### EXERCISE BRIEF
An exact copy is needed of the lines from the one that contains "Espn Oval-shaped Logo Background" through the final line of the data below, with pictures left out.

### STORED DATA
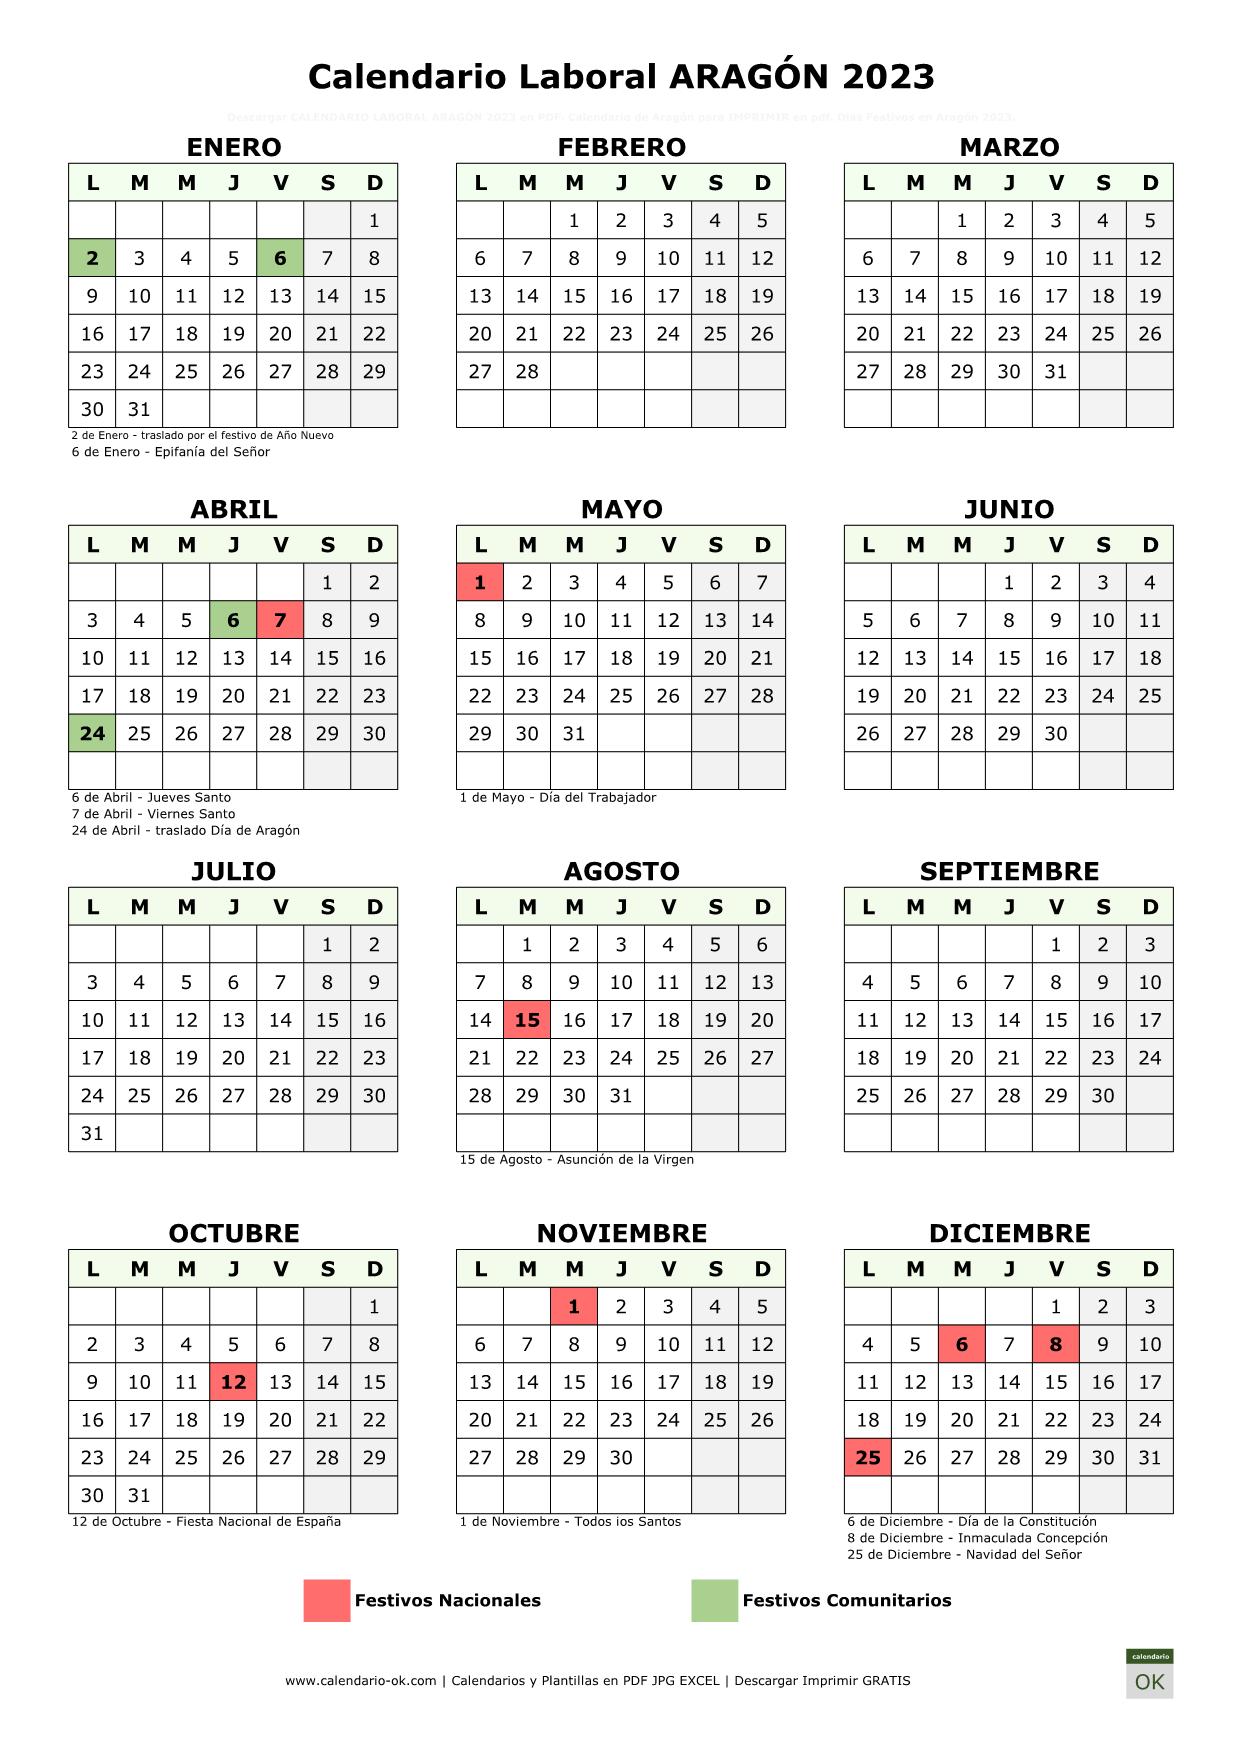 Calendario Laboral ARAGÓN 2023
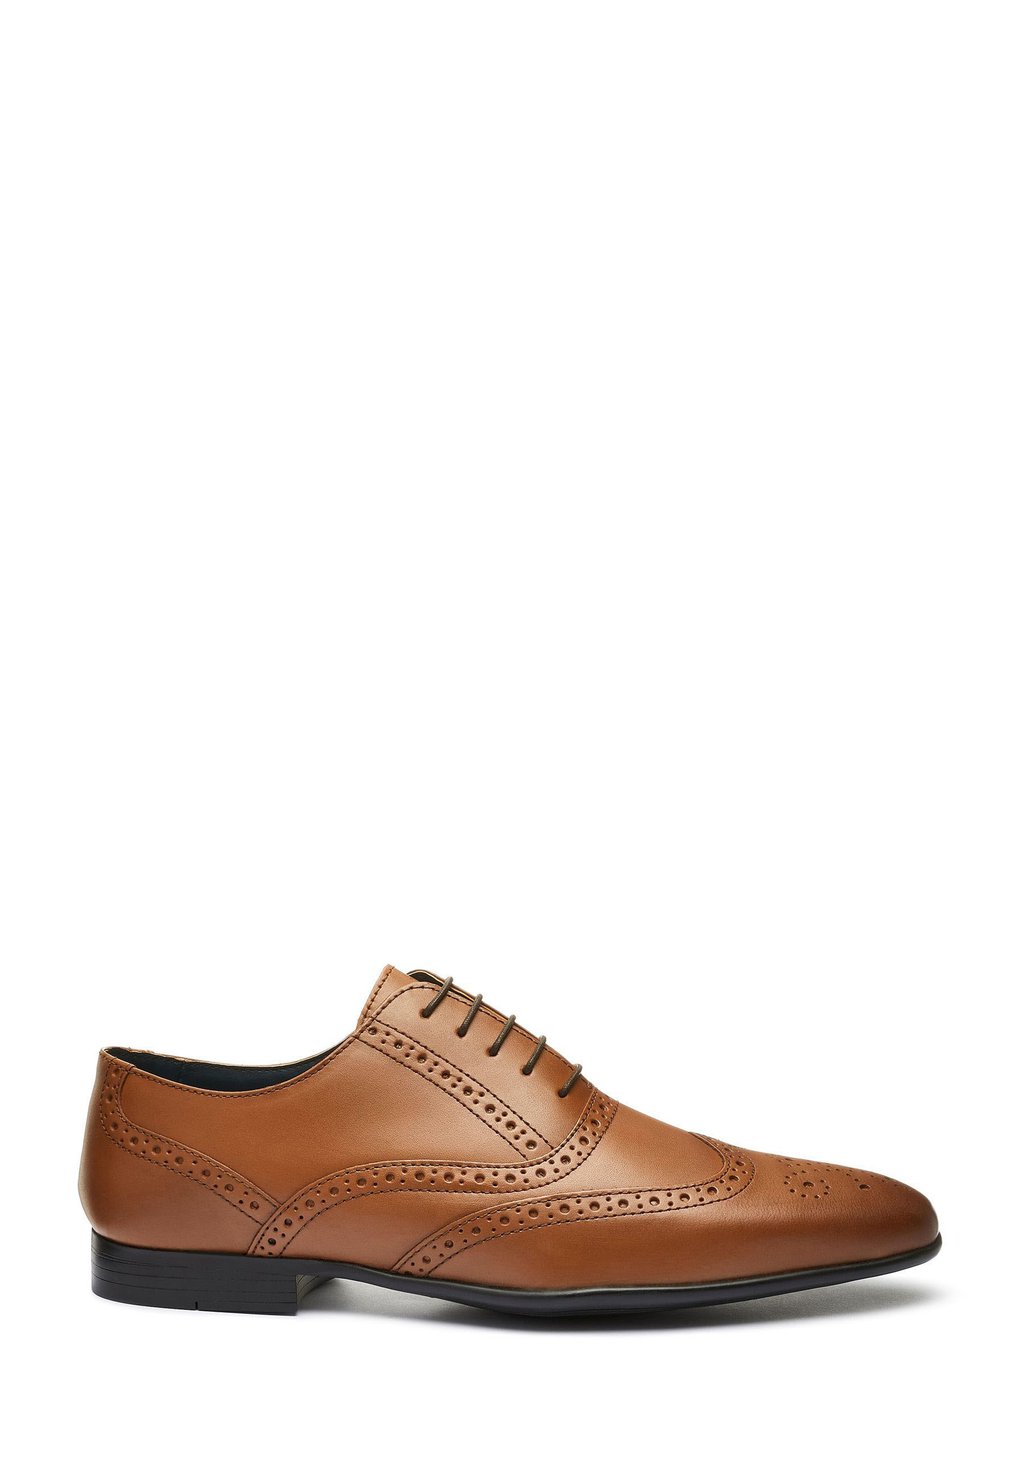 Элегантные туфли на шнуровке Oxford Brogue Wide Fit Next, цвет tan brown
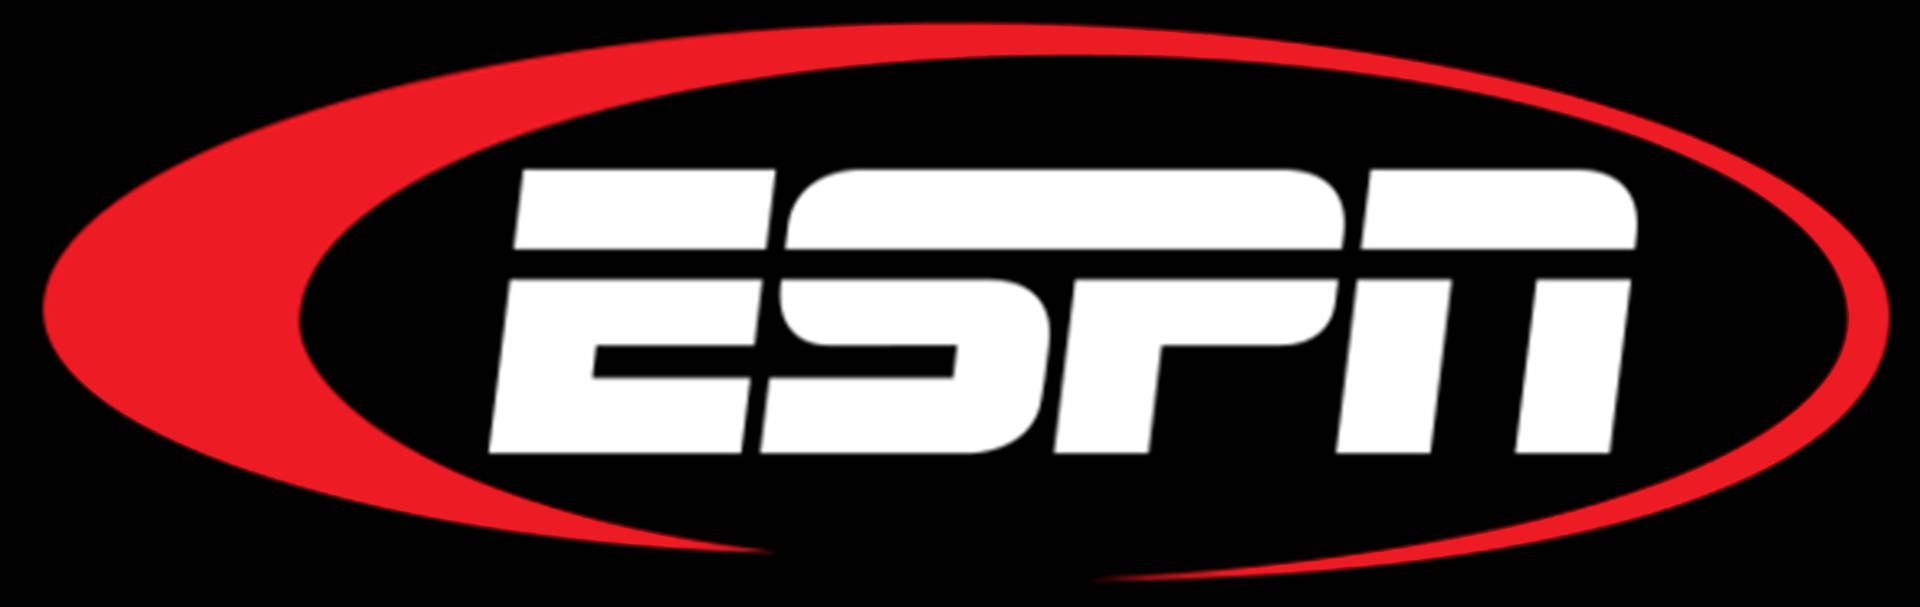 Espn Oval-shaped Logo Background
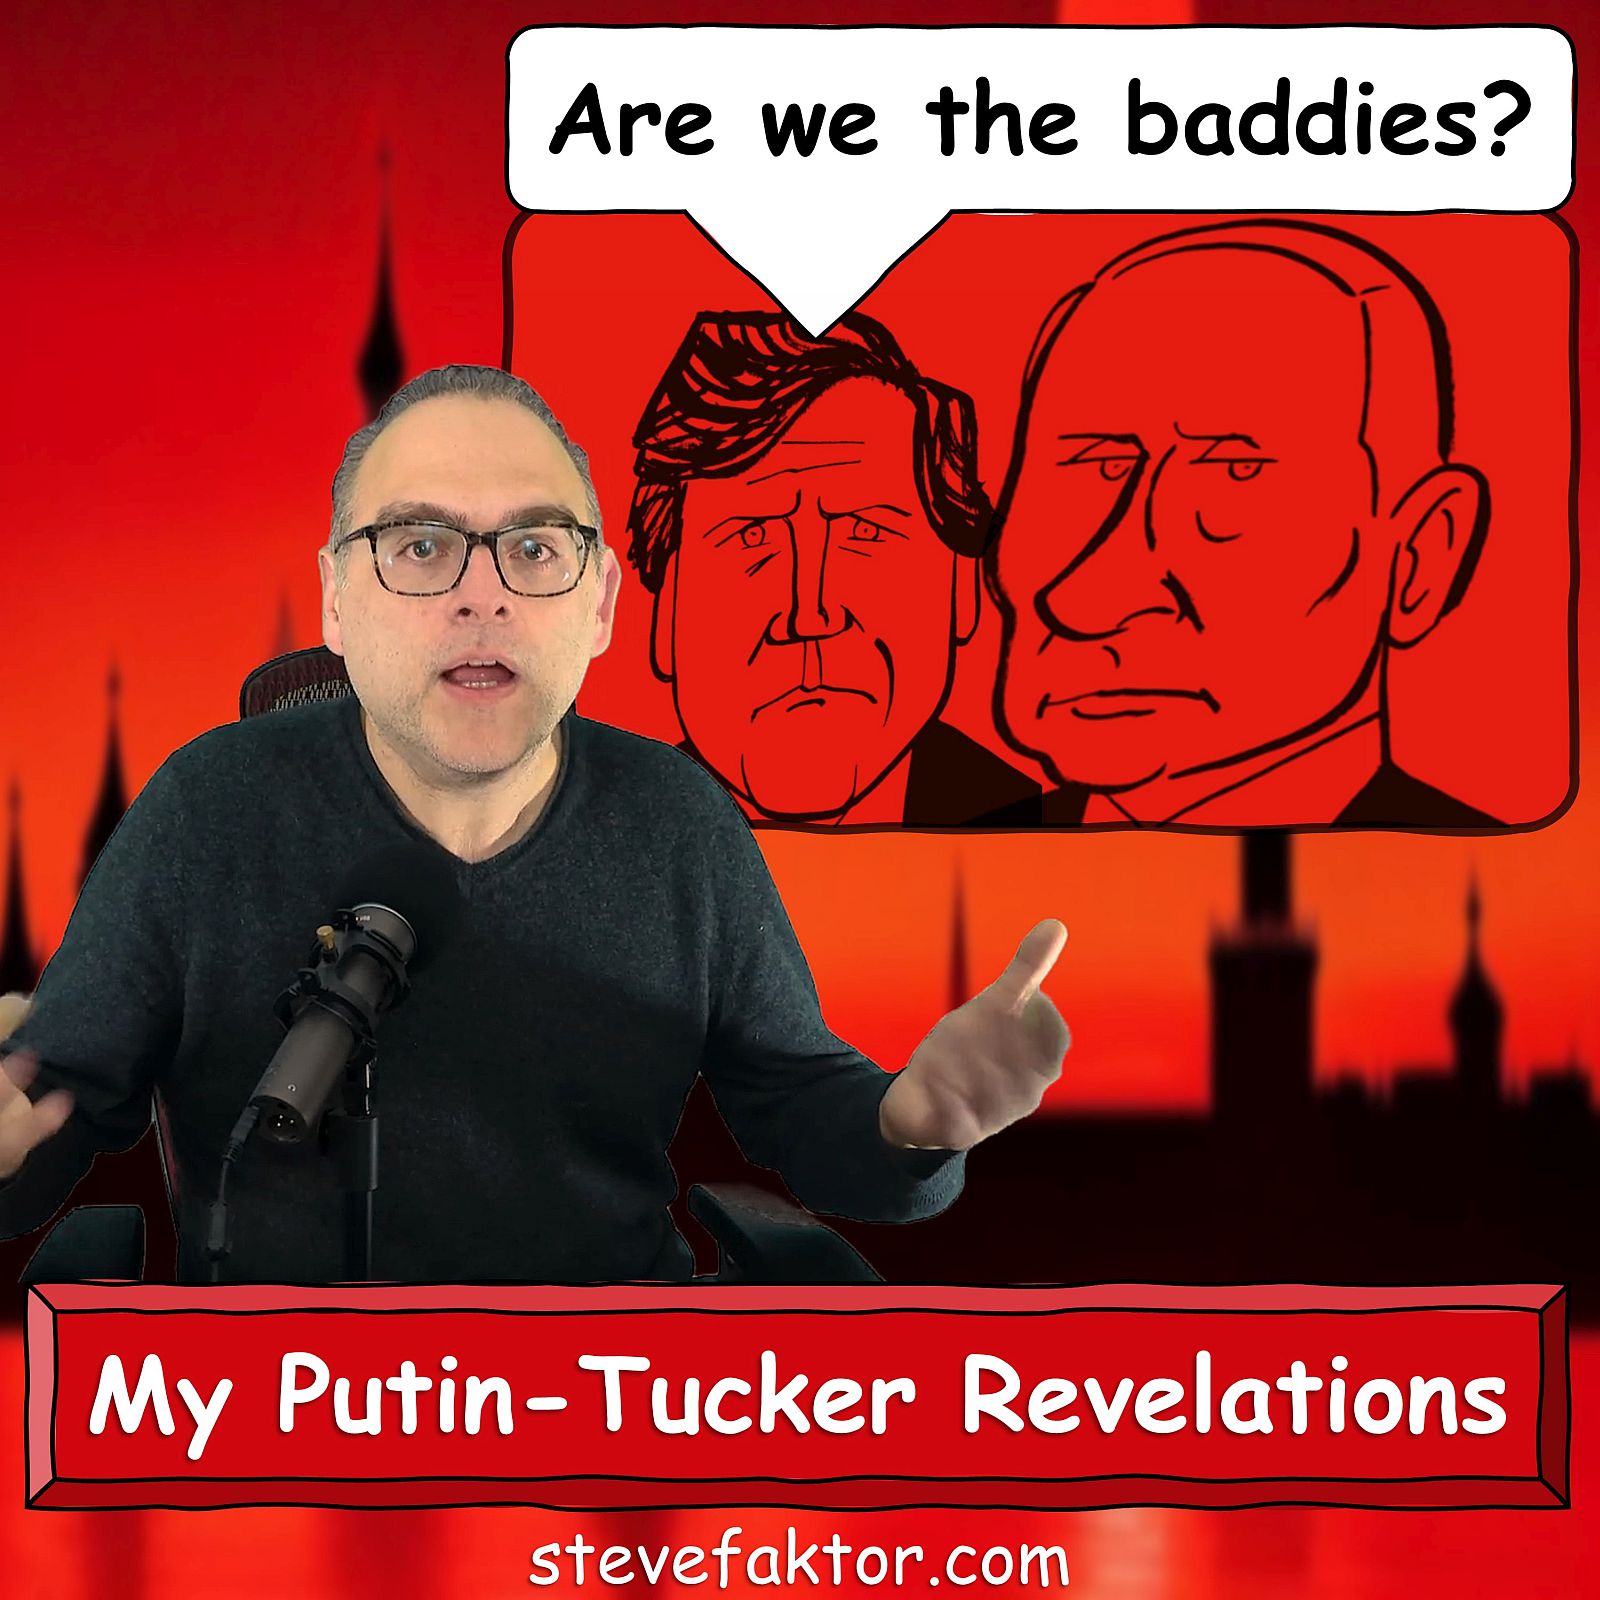 Are We The Baddies? My Putin-Tucker Revelations

### ANSWER FOR THIS EXERCISE
 Espn Oval-shaped Logo Background
 Are We The Baddies? My Putin-Tucker Revelations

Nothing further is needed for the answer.